Given information:
++++++++

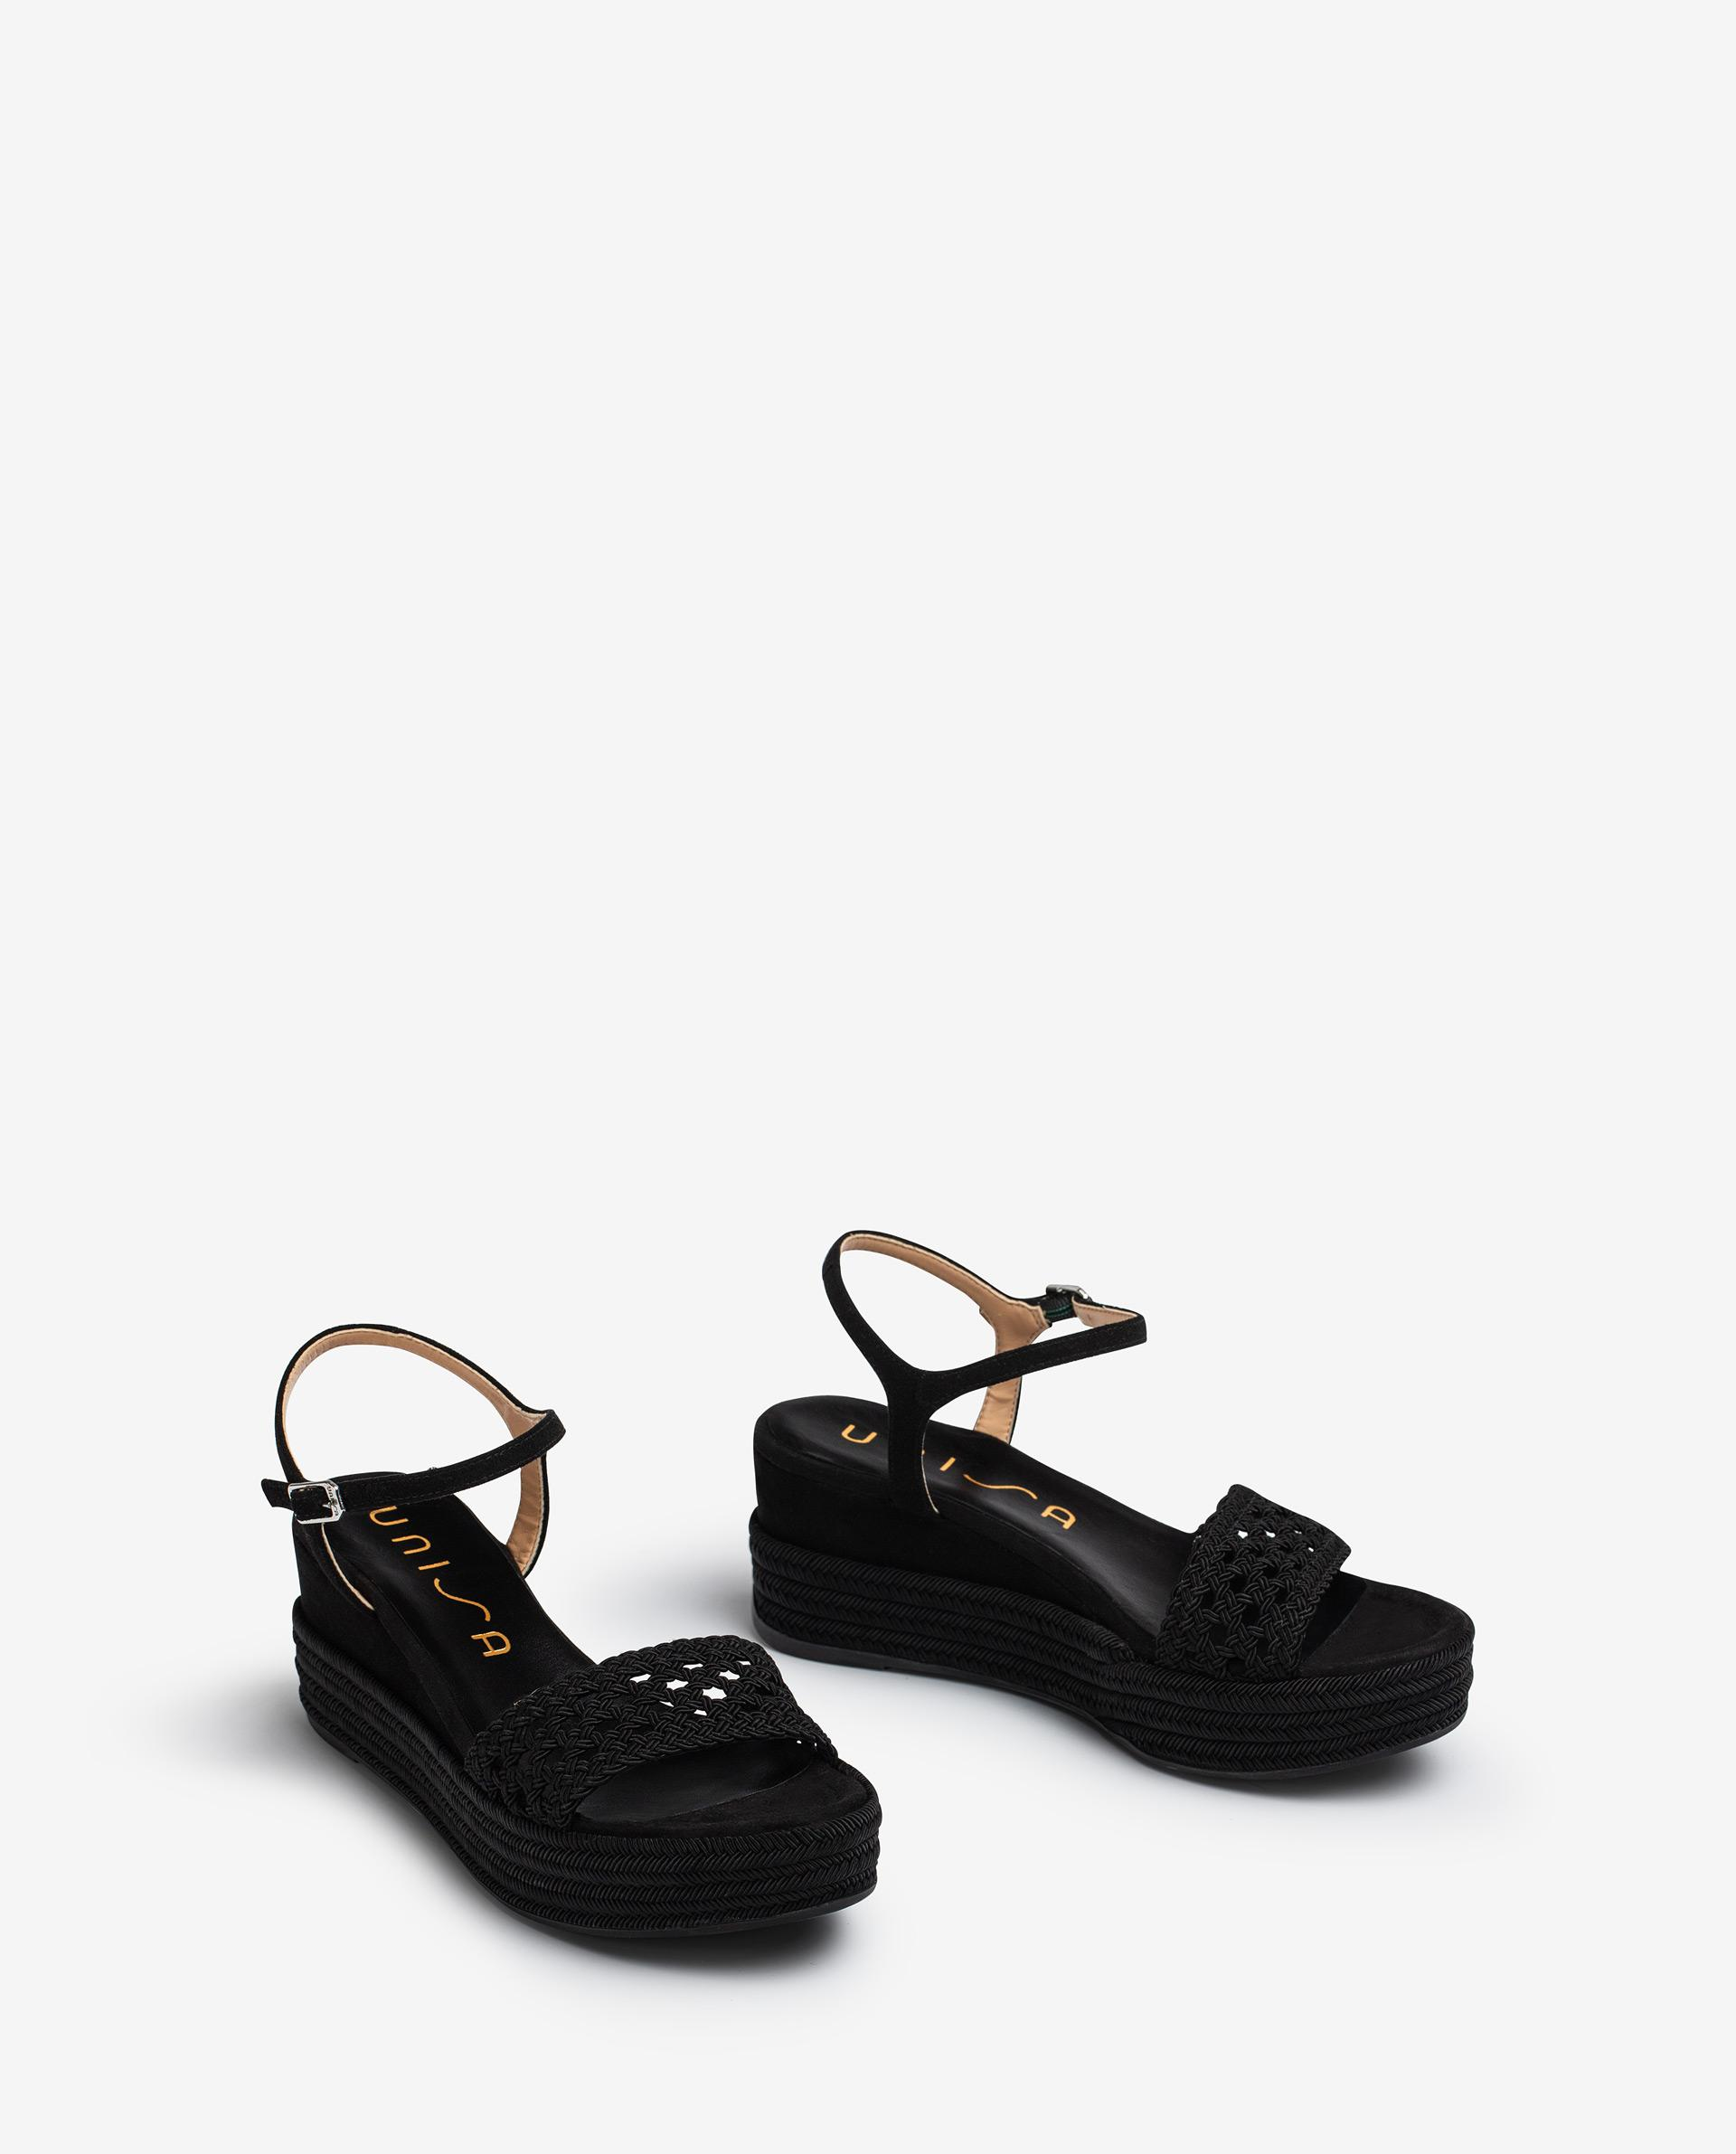 UNISA Wedge sandals braided fabric KISOME_21_KS 2
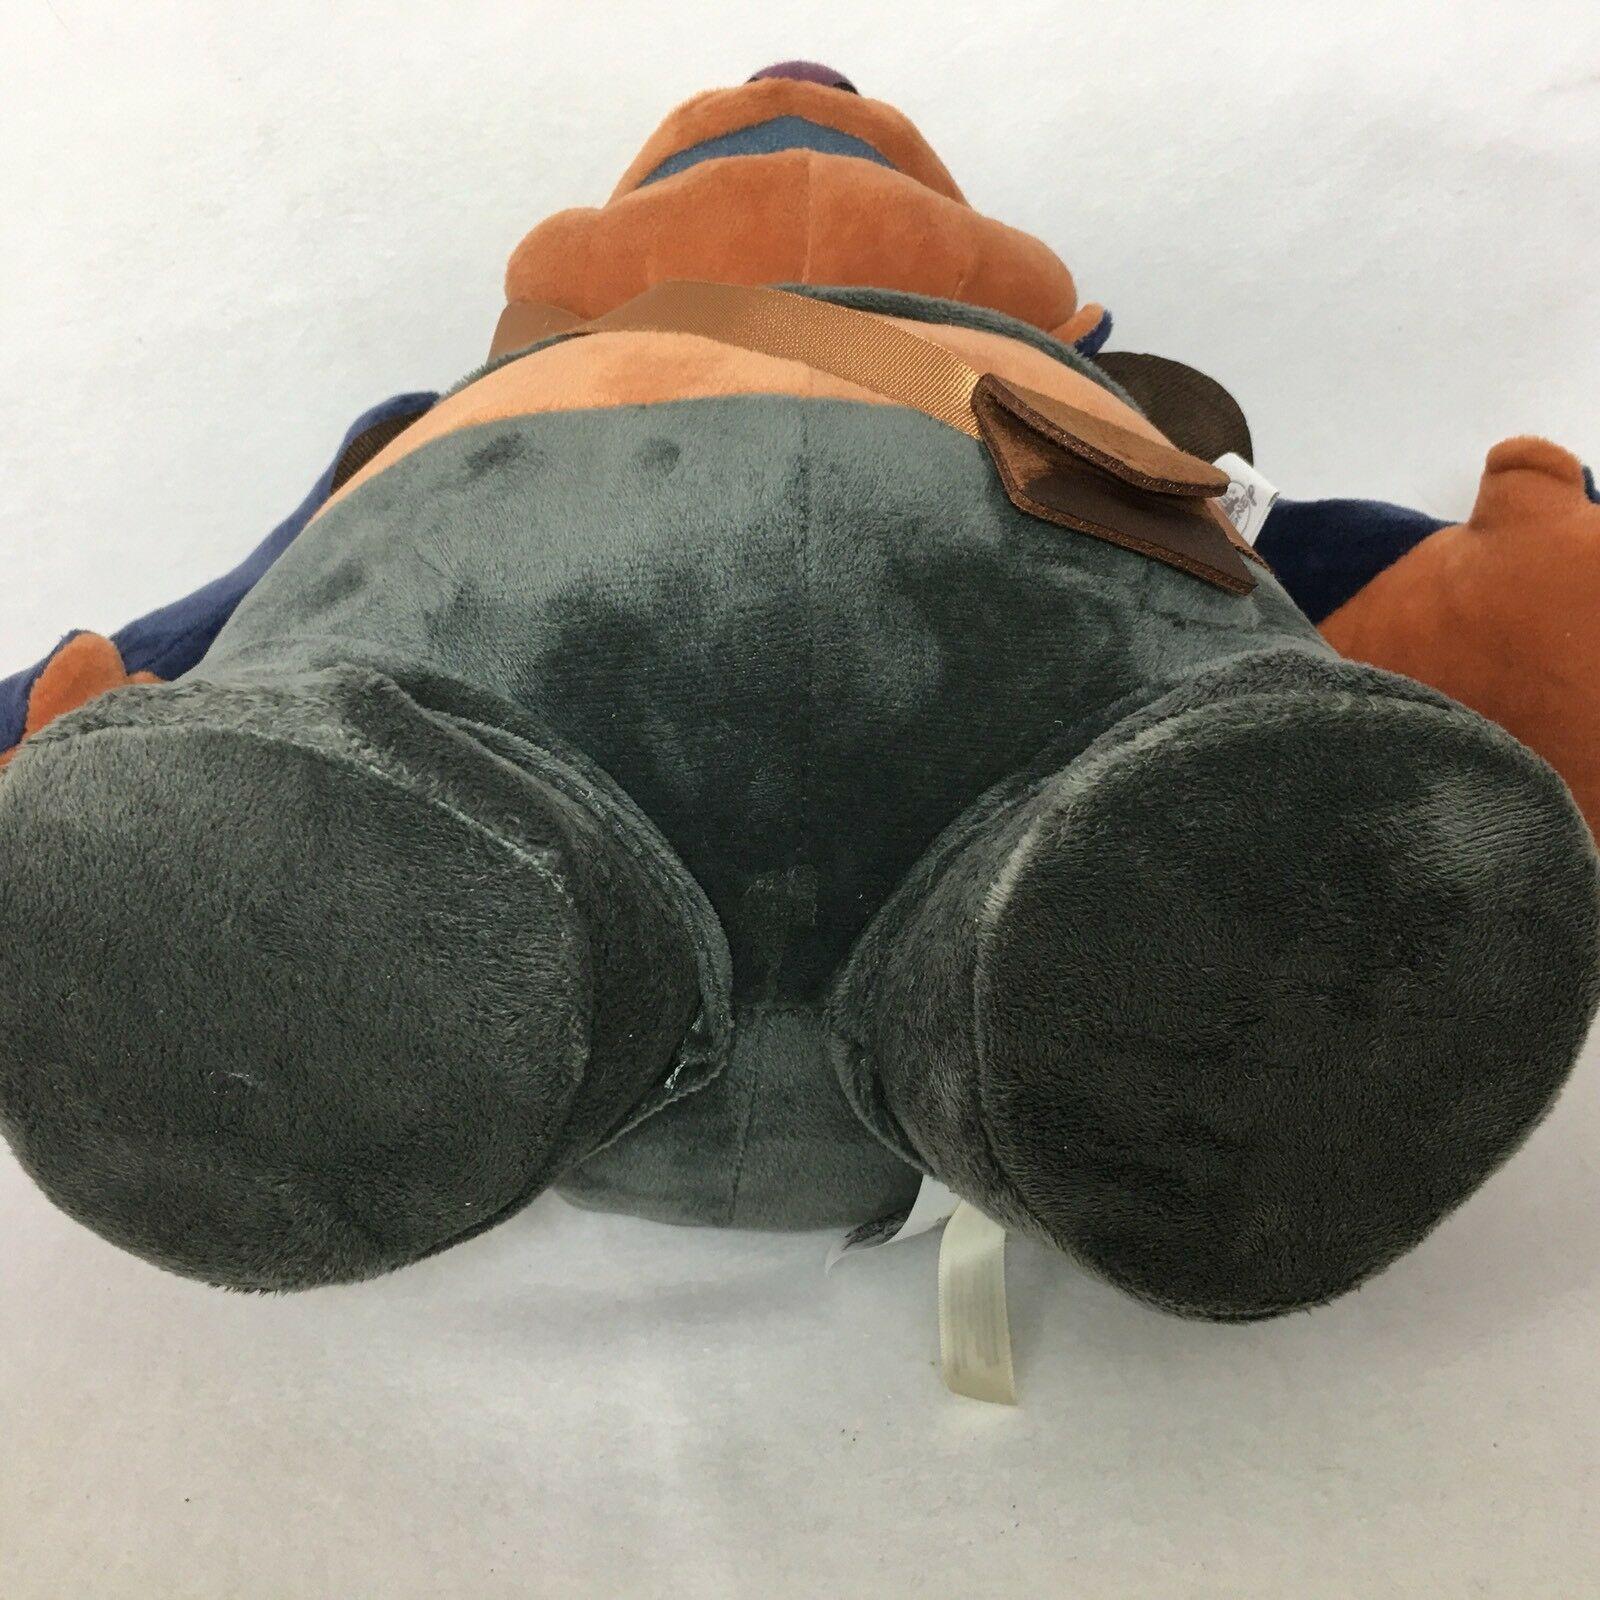 Disney Store Dr Jumba Jookiba Plush From Lilo & Stitch 13 Inch Mad Scientist image 7
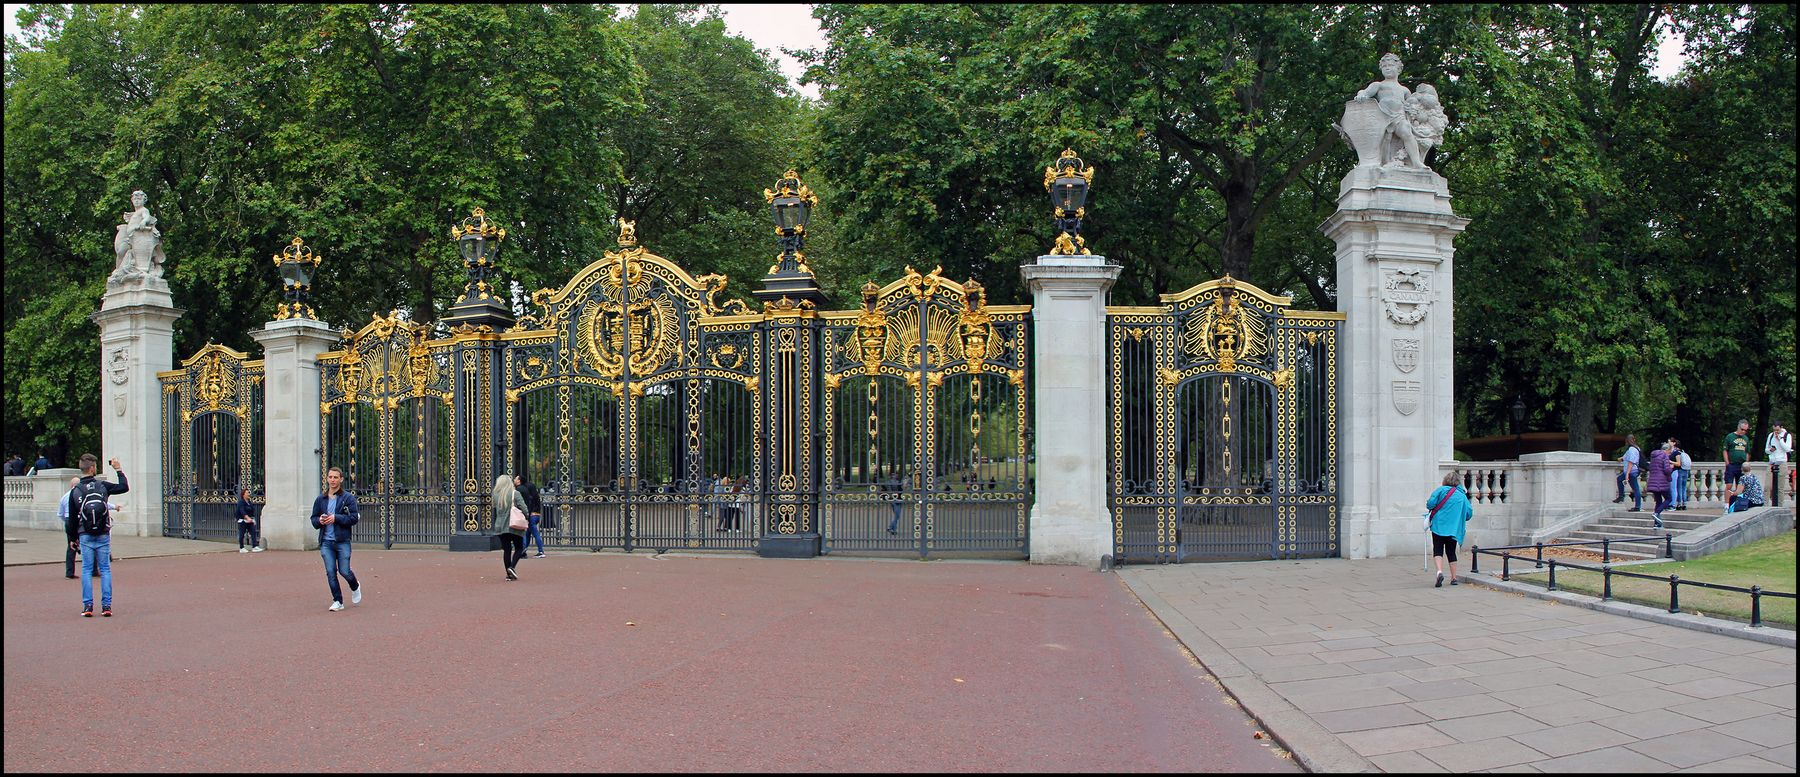 Лондон. Парк рядом с Букингемским дворецом. Лондон Букинге мский дворец Площадь Резиденция королевы Сад Ворота парка

++++++++

Requirement: Omit the pictures and write out the remaining data exactly.

Expected output:
 UNISA Wedge sandals braided fabric KISOME_21_KS 2
 Disney Store Dr Jumba Jookiba Plush From Lilo & Stitch 13 Inch Mad Scientist image 7
 Лондон. Парк рядом с Букингемским дворецом. Лондон Букинге мский дворец Площадь Резиденция королевы Сад Ворота парка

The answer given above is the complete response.